趣味
2026年06月19日
「橋架けて利権が先に渡りだす」2026年6月入選作品|老友川柳
老友新聞2026年6月号に掲載された川柳入選作品をご紹介いたします。(編集部)
天 位
橋架けて利権が先に渡りだす
下田 尚保
公共工事を巡る闇の部分に光を当てる一句。住民より先に利権が優先される疑惑を、擬人法を使ってウイットあふれる表現にしたのがお手柄です。
地 位
この先を見たい知りたい卒寿なり
森井 睦子
九十歳を迎える「卒寿」は、よくたどり着いたものだとひと段落の文脈で扱われがちな中、好奇心を持ち将来を知りたいという前向きさに感動です。
人 位
青信号渡りきれずに老を知る
鈴木 曻
信号が青のうちに交差点を渡り切る……普通にできていたことができなくなり、危険な場面に。
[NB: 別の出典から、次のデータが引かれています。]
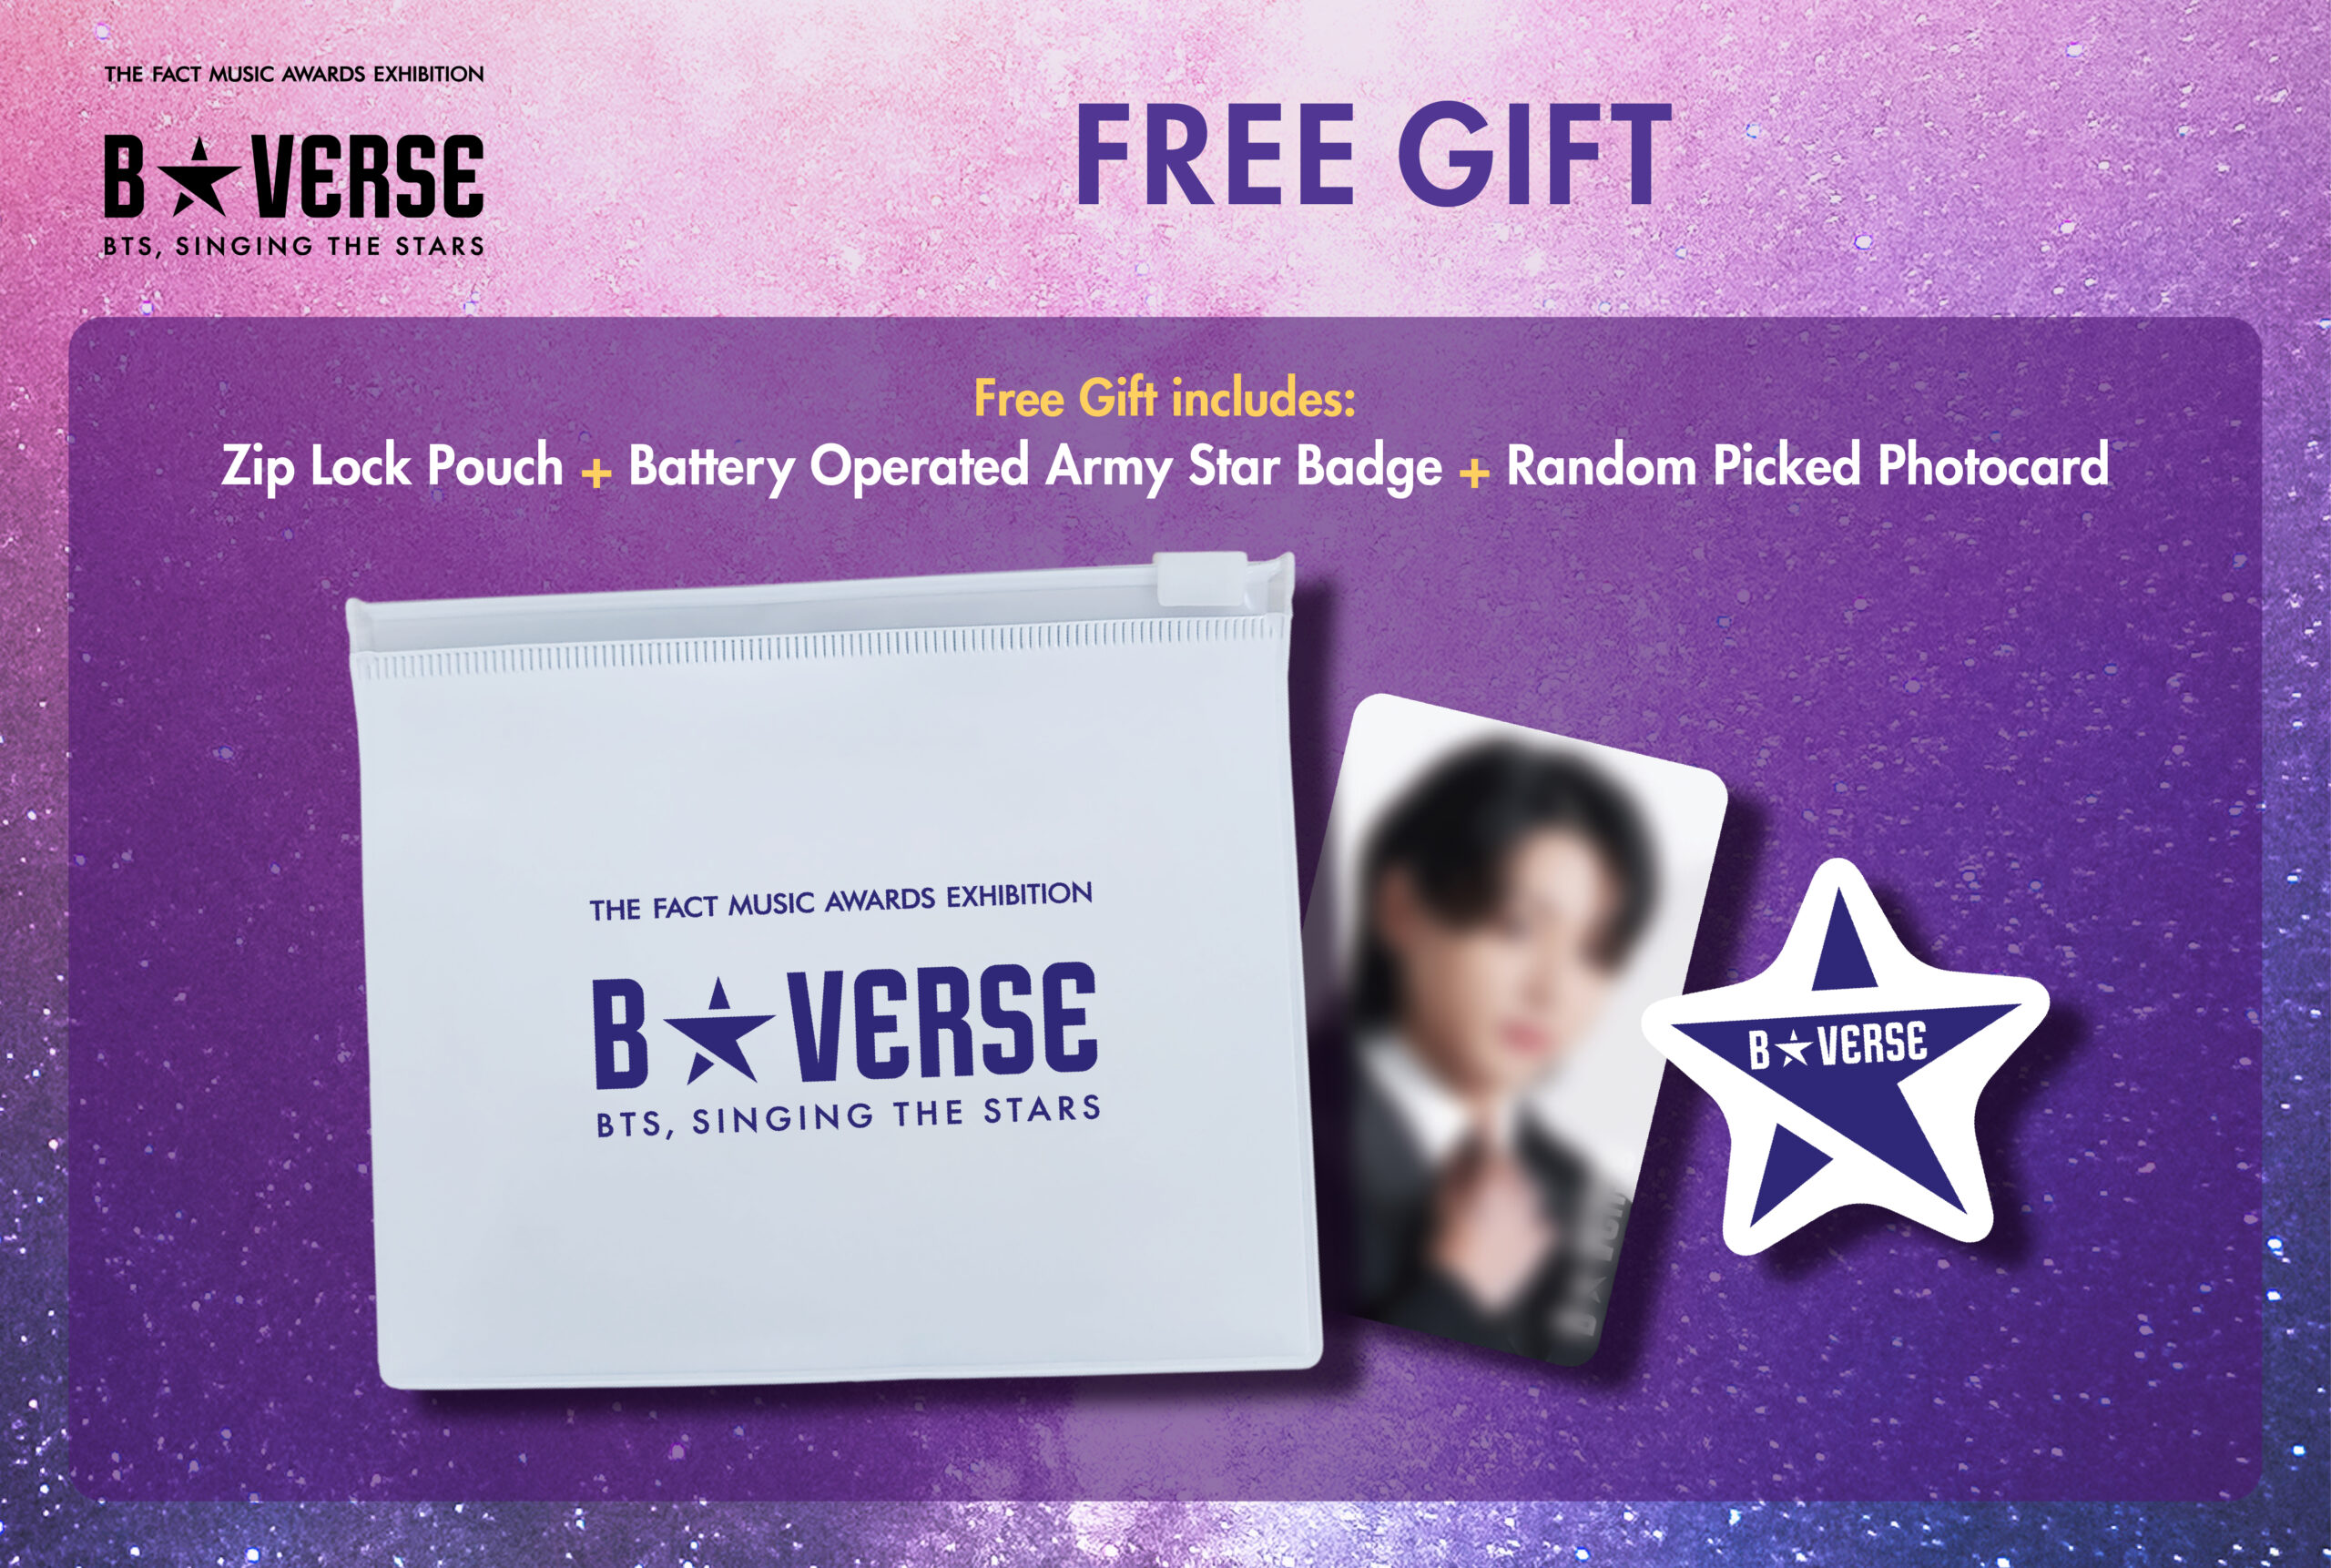 Bts army, get ready to score tickets for the 'b★verse' (bts, singing the stars)  exhibition! Here's how

でも自覚の川柳が作れるうちは心配無用なのかも。
五 客
春よ来いホルムズ海峡ホーホケキョ
王田 佗介
何げない春の情景が、間に戦火に揺れる地名を挟むだけで、平和を願う句へと変身。「ホ」の音の頭韻が効果的ですね。
ぜったいに思い出せない夢の句よ
小林 良一
夢の中で絶対に傑作と思える句ができたのに、思い出せない切なさ。多くの人の思いを代弁する、共感を呼べる作品です。
積ん読は早く読まなきゃ時間切れ
瀬川 征光
いずれ読むつもりで買っておいた本が山ほど。残り時間を考えると、どんどん読んでいかないと焦る。切実な思いです。
スポーツが戦争恐怖忘れさせ
本庄 一郎
人々を熱狂させるのはスポーツの魅力。一方で、戦争から目を逸らせるような役割を演じることも。コインの裏表を連想。
公園で犬に散歩をさせられる
下田 尚保
飼い主と犬の関係は、人間が主体だというのは思い込みに過ぎないと喝破する一句。賢いワンちゃんの多さを明かします。